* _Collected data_
::::::

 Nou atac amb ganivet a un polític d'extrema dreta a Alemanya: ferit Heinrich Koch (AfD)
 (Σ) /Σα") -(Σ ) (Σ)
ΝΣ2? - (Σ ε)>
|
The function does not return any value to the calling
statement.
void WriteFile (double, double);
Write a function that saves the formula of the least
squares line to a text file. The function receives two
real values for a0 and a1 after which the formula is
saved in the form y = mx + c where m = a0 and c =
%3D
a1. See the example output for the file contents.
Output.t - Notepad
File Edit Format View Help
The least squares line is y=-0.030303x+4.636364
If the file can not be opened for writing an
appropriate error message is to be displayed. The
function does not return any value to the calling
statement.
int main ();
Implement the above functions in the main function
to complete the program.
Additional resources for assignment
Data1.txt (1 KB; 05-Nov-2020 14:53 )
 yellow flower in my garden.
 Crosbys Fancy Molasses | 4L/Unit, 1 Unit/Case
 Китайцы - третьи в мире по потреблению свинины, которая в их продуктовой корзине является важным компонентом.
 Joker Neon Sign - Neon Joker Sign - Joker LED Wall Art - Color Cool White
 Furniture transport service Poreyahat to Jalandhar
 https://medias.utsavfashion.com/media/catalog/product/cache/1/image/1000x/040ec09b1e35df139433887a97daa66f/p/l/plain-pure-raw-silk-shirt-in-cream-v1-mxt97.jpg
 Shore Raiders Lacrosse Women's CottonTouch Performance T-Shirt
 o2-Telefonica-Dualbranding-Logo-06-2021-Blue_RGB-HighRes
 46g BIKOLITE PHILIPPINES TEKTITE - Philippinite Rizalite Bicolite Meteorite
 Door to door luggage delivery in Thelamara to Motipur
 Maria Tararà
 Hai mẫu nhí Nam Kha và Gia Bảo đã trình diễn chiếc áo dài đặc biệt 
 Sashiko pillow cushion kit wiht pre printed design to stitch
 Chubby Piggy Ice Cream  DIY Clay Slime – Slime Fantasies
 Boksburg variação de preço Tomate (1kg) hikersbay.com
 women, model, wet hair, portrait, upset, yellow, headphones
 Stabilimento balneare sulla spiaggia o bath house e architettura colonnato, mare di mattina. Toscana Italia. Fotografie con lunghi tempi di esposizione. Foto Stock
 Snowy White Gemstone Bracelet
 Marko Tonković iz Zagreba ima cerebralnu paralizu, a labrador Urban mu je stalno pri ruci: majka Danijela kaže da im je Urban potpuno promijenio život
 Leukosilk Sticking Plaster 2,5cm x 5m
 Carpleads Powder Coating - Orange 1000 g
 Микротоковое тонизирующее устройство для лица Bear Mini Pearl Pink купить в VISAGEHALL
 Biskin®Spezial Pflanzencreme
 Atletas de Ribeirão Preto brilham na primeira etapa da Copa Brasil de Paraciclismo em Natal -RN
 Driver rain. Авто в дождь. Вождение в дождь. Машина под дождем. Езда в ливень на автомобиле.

::::::

* _TASK TO CARRY OUT_
Nothing but the lines from the one with "Stabilimento balneare sulla" through the final line of the data above should be output, exactly as written.

* _WRITTEN SOLUTION_
 Stabilimento balneare sulla spiaggia o bath house e architettura colonnato, mare di mattina. Toscana Italia. Fotografie con lunghi tempi di esposizione. Foto Stock
 Snowy White Gemstone Bracelet
 Marko Tonković iz Zagreba ima cerebralnu paralizu, a labrador Urban mu je stalno pri ruci: majka Danijela kaže da im je Urban potpuno promijenio život
 Leukosilk Sticking Plaster 2,5cm x 5m
 Carpleads Powder Coating - Orange 1000 g
 Микротоковое тонизирующее устройство для лица Bear Mini Pearl Pink купить в VISAGEHALL
 Biskin®Spezial Pflanzencreme
 Atletas de Ribeirão Preto brilham na primeira etapa da Copa Brasil de Paraciclismo em Natal -RN
 Driver rain. Авто в дождь. Вождение в дождь. Машина под дождем. Езда в ливень на автомобиле.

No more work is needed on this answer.